Le Livret Coopération pour ma Région, rémunéré à 0.60%, vous épargnerez en toute sécurité tout en soutenant le développement de l'Économie Sociale et Solidaire, d'aujourd'hui et de demain, dans la région de votre choix. Avec ce livret tracé, votre épargne contribue à des projets utiles et innovants sur votre territoire.

Le Livret rev3, rémunéré jusqu'à 1.20%, vous prendrez part à la troisième révolution industrielle dans les Hauts-de-France : révolution des technologies, des ressources et de l'environnement. Tout en vous constituant une épargne vous soutiendrez ainsi des projets innovants, des initiatives locales liées aux énergies renouvelables, à l'efficacité énergétique, ou encore à l'économie circulaire. A moins d'avoir beaucoup, mais vraiment beaucoup d'épargne, le Crédit Coopératif semble un choix pertinent et suffisant pour commencer à faire travailler son argent de façon écologique.
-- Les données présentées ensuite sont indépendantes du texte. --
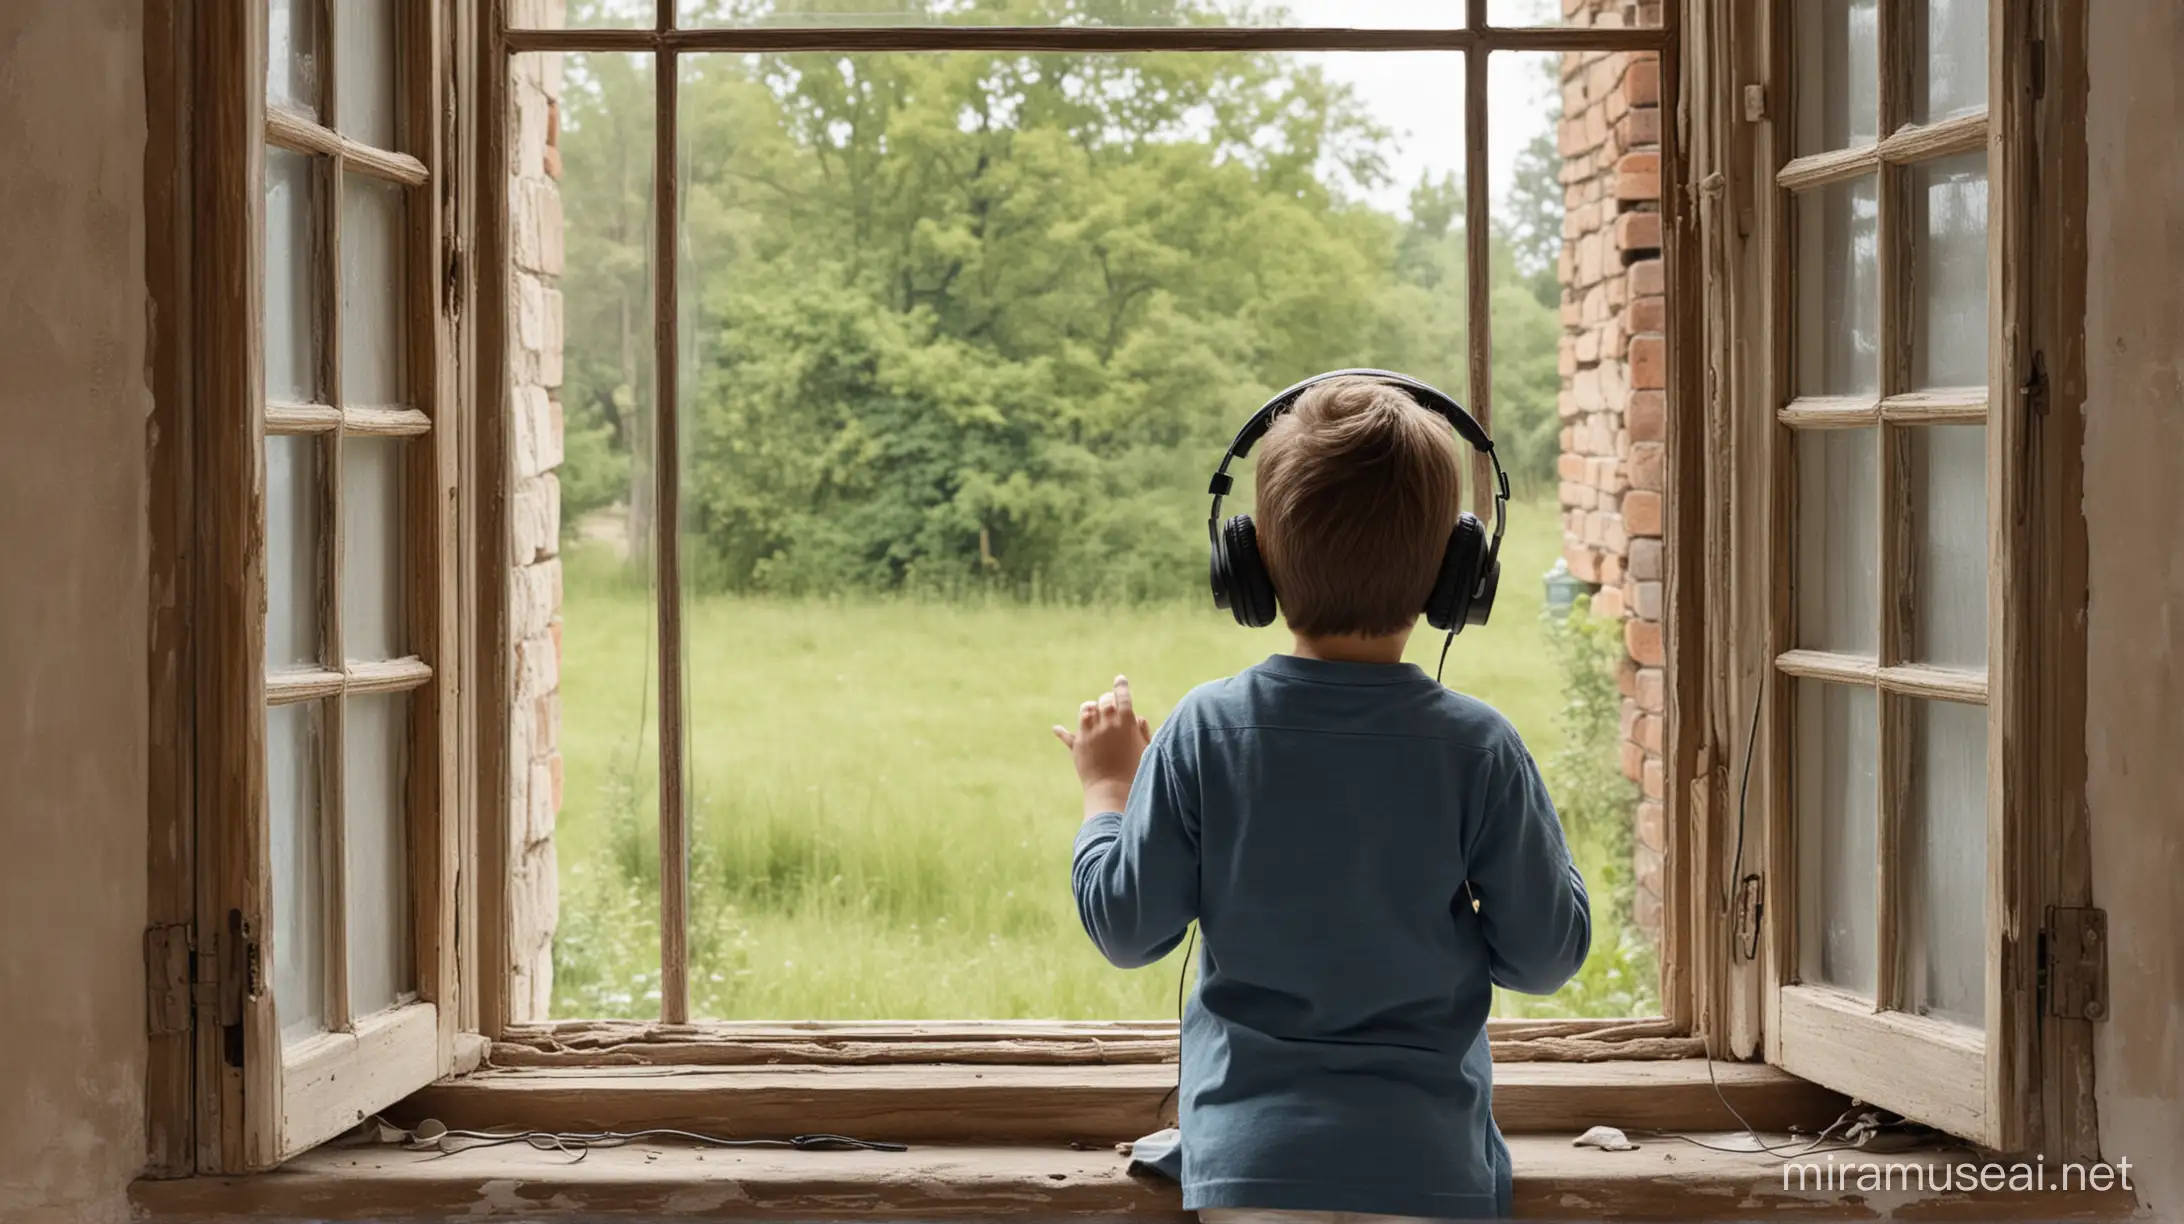 Back view of a young child wearing headphones staring out of an old traditional window that takes up most of the space in the image.

La NEF, la banque pour épargner

Ici, pas de compte courant, pas de Livret A… La NEF propose essentiellement des livrets d'épargne, qui ne financent uniquement que des projets écologiques, sociaux et culturels. Forcément, la rémunération de ces livrets est plus faible que dans les banques traditionnelles, mais elle vous offre le choix d'agir en plaçant une partie de vos économies dans une banque éthique. Parmi ses propositions, nous retrouvons le Livret B rémunéré 0.50 % jusqu'à quinze mille euros. Il ne financera que des projets ayant une plus-value sociale, écologique et/ou culturelle. Retenons que la la NEF, chaque année, publie la liste complète des projets financés. Mais l'un de ses avantages réside dans la possibilité de faire don de tout ou partie de ses intérêts à une association partenaire. A ses côtes, en bonne place, leCompte à terme NEF à partir de cinq mille euros, sans plafond. Comme pour le Livret B, chaque année, la NEF publie la liste complète des projets financés et, là encore, il est possible de faire don de tout ou partie de ses intérêts. Membre de la Fédération Européenne des Banques Ethiques et Alternatives, produits labelisées Finansol, l'absence de produits de compte et d'épargnes courant manque cruellement à cet entreprise. Ils restent néanmoins un complément intéressant au Crédit Coopératif.

Les Néobanques en ligne

Hélios, de son côté,se présente comme la banque « la plus écologique ». Ce n'est peut-être pas tout à fait juste au regard du Crédit Coopératif ou de la NEF, mais creusons l'idée. Compte courant, carte bleue, Assurance Vie, bientôt un PER, pas de Livret A, LDDS ou d'épargne, Hélios n'est pas loin de proposer les services d'une banque classique, en l'absence d'agences. Que finance t'elle ? L'agriculture durable, l'efficacité énergétique, le traitement des déchets ou encore les énergies renouvelables ! Certes, la démarche est louable, mais où est le bonus ? La question se pose. Faisons donc un focus sur SA particularité : celle de sa fameuse carte Green, instrument de paiements entièrement constitué en bois de cerisier, issus de forêts européennes gérées durablement, d'où une carte peu gourmande en ressource (un seul cerisier produit jusqu'à cent cinquante mille cartes !) Un outil bancaire qui dit : " Non au plastique majoritairement biodégradable ! " avec une réduction de 80% la quantité plastique nécessaire à sa production. Une carte bleue dépourvue de produits chimiques très polluants usuellement utilisés dans sa fabrication.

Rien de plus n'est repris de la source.